市役所の真横をリオグランデ川が流れていて、目の前にメキシコが見える。対岸の釣り人のスペイン語の会話も、鶏の鳴き声も聞こえた。メキシコは、この町からそれほど近い。
 川を越えれば、あとは妨げるものはない。ここには、建設中の「国境の壁」が到達していない。アメリカ側では、国境警備隊員がピックアップトラックで巡回しているが、1時間ほどの川辺の滞在中に筆者が目撃したのは1台だけだった。
 最近は南部国境を越境する中国人の急増[1]が話題になってきただけに、筆者は、国境警備隊に呼び止められると覚悟したが、警備隊員は車内から笑顔で手を振るだけだった。 
 
◆18世紀から住むヒスパニックも
市長のハイメ・エスコバル
 
 市長のハイメ・エスコバル(46歳)は、市長室で待ってくれていた。午前に米紙ニューヨーク・タイムズ記者の取材を終えたばかりという。
 市長は、インタビューの冒頭で、2024年大統領選の結果を理解する上で役立つだろうからと、この地域の特徴を3点挙げてくれた。
 一つ目は、スター郡の人口の97%を占めるヒスパニックには、18世紀からこの地域に住む祖先を持つ人が少なくないこと。実際、市長の父方のルーツをたどると1700年代後半までさかのぼれるという。一方、母方はメキシコ出身で、祖父が1950年代にシカゴの工場で働くために渡米したという。

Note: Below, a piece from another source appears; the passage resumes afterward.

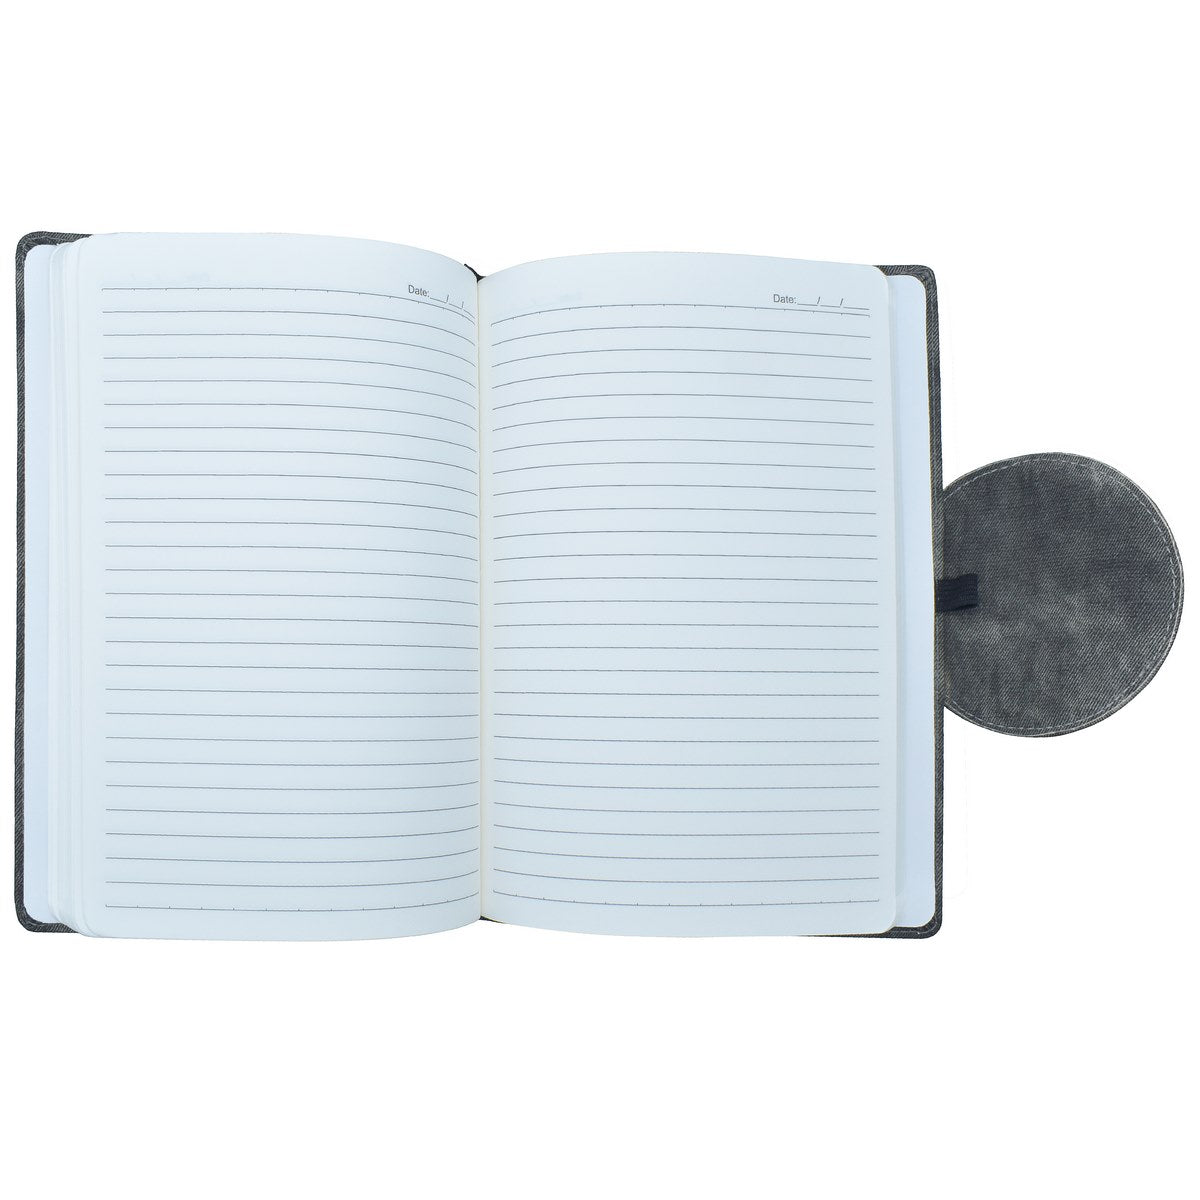 jags-mumbai Notebooks & Diaries Note book Diary A5 Jeans Cloth Black

つまり、アメリカで暮らすヒスパニックの住民は、移民1世や2世、3世だけではない、ということだ。19世紀、20世紀になって欧州から移り住んだ祖先を持つ多くの白人よりも、市長の祖先は先に暮らしていたことになる。
 二つ目は、世帯収入が「かなり低い」(市長)こと。確かに国勢調査によると、市の世帯所得(中央値)は2万7741ドルで、テキサス州(7万6292ドル)や全米(7万8538ドル)に引き離されている[2]。教育や銀行、医療分野の限られた仕事を除くと、雇用機会は少なく、市長としての最大の仕事は雇用機会の創出で、国境の町である地理条件を活かして自動車部品や農産物の中継拠点としての機能強化をめざしている、という。
 
◆住民の多くはブルーカラー労働者
 
ロマ市にも天然ガスパイプラインが走っている。エネルギー産業は貴重な雇用の場だ
 
  三つ目は、住民の大半がブルーカラー労働者であること。
  市長は「多くは大学の学位を持っていない。非常に勤勉だが、特に男性、父親の多くは石油やガス産業で稼ぐため、残念ながら単身赴任でヒューストンなどの大都市近郊に行かなければならない」と話した。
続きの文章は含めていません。